For the Iranian businessman whose Chinese name is 哈米 (literally “Hami”), Yiwu is already his second hometown. Hami arrived in Yiwu in 2003 and initiated his foreign trade business soon afterward in 2007. During the COVID-19 outbreak at the beginning of last year, Hami had engaged with the epidemic control and popularization of anti-epidemic knowledge with his Chinese and foreign fellows and neighbors. 


In Yiwu, there are a lot of expats like Hami who are willing to help with the affairs of their local residential communities. Those affairs could be something like dealing with contradictions happening within the expat community or between Chinese and expats. Those Hamis’ responsibilities will be like cultivating dialogues between the two parties before they go to the court, and then mediate the conflicts with their professional knowledge. 


In Yiwu, only expats with multilingual skills, solid business knowledge, and good credibility will be appointed as mediators, according to the local officials. 


“Culturally, the way Chinese people deal with contradictions is mild and relationship-oriented.” Some of those foreign mediators indicate during an interview with In Zhejiang. Most of them believe that in Chinese culture, people prefer to deal with issues with more dialogues and try not to exaggerate the disputes.  


According to some already public data, Yiwu has more than 13 thousand foreign businessmen from over 100 countries or regions across the globe.

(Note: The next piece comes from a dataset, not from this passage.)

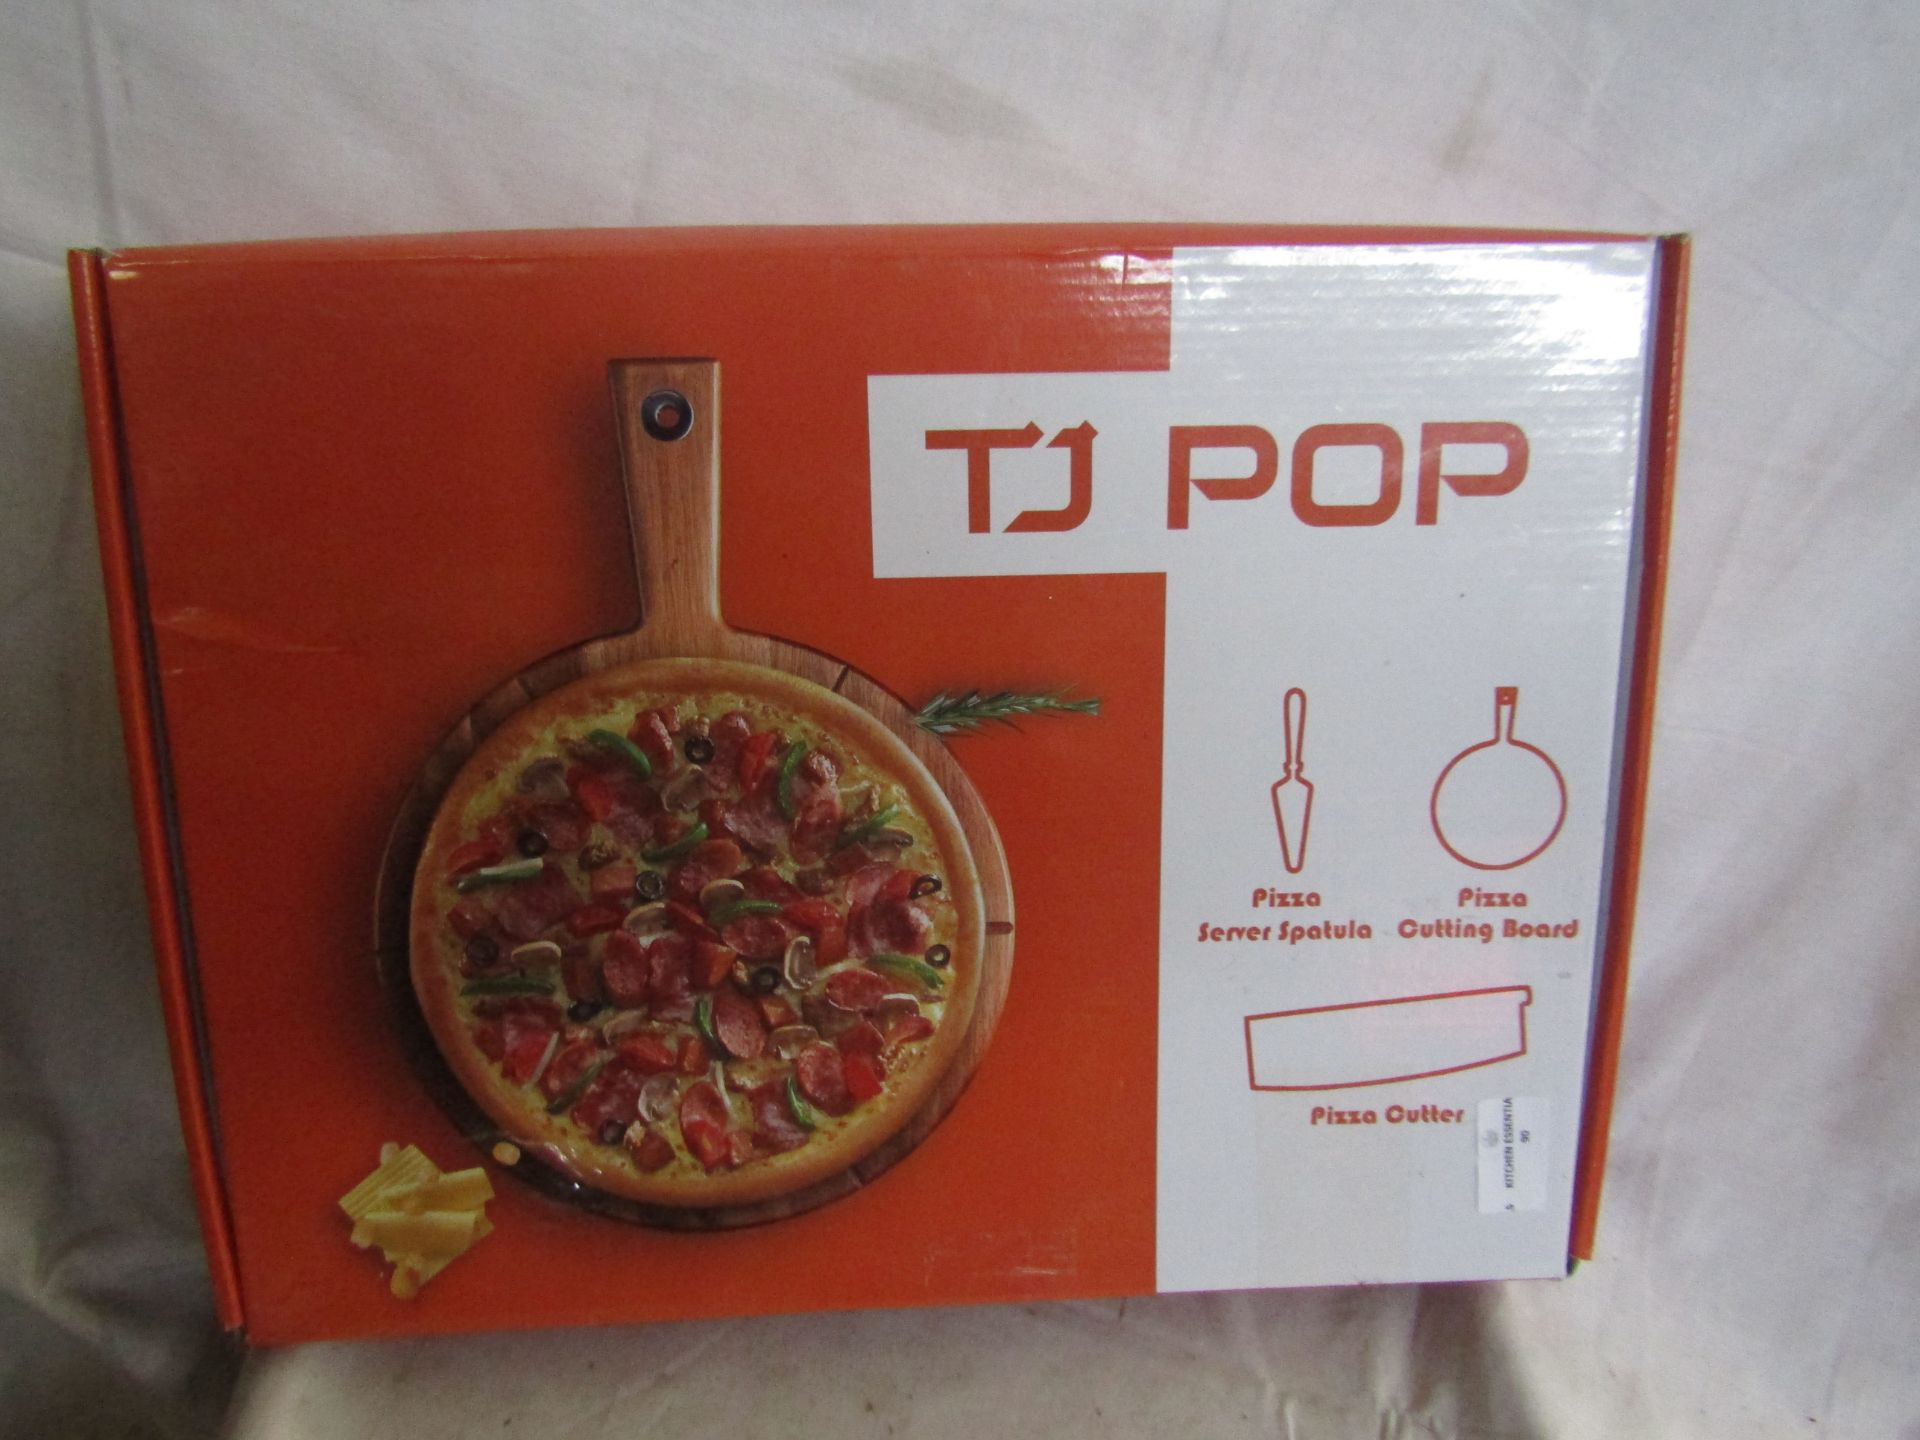 TJ Pop - 3-Piece Pizza Serving Set - Good Condition & Boxed.

So far, Yiwu has more than 6,800 foreign market entities, among which there are more than 2,500 foreign partnership ventures, accounting for about 75% of the total number in China. 


For a multicultural and hybrid city like Yiwu, the protection of cultural diversity and the rights of expats is not an easy job as that of other multicultural communities across the globe. 


In a globalized world, the pursuit of human rights is something that binds us together, no matter where we’re from or what our backgrounds are. But at the same time, we also need to admit that since the concept of rights itself is a hominid term, we cannot overlook the social, cultural, or historical factors and other hominid factors in defining or building up the concept. As the famous saying by Paulo Coelho goes, "In a forest of a hundred thousand trees, no two leaves are alike. And no two journeys along the same path are alike."


During the ground observations by reporters from In Zhejiang, we found out that in accordance with the local conditions and cultures, Yiwu chooses the path towards something like an "interactive and self-government manner" of multicultural community management. That is to engage more expats and local residents in the management of community affairs per se and introduce more negotiations and dialogues in order to encourage more understandings. 


(Written by Ye Ke)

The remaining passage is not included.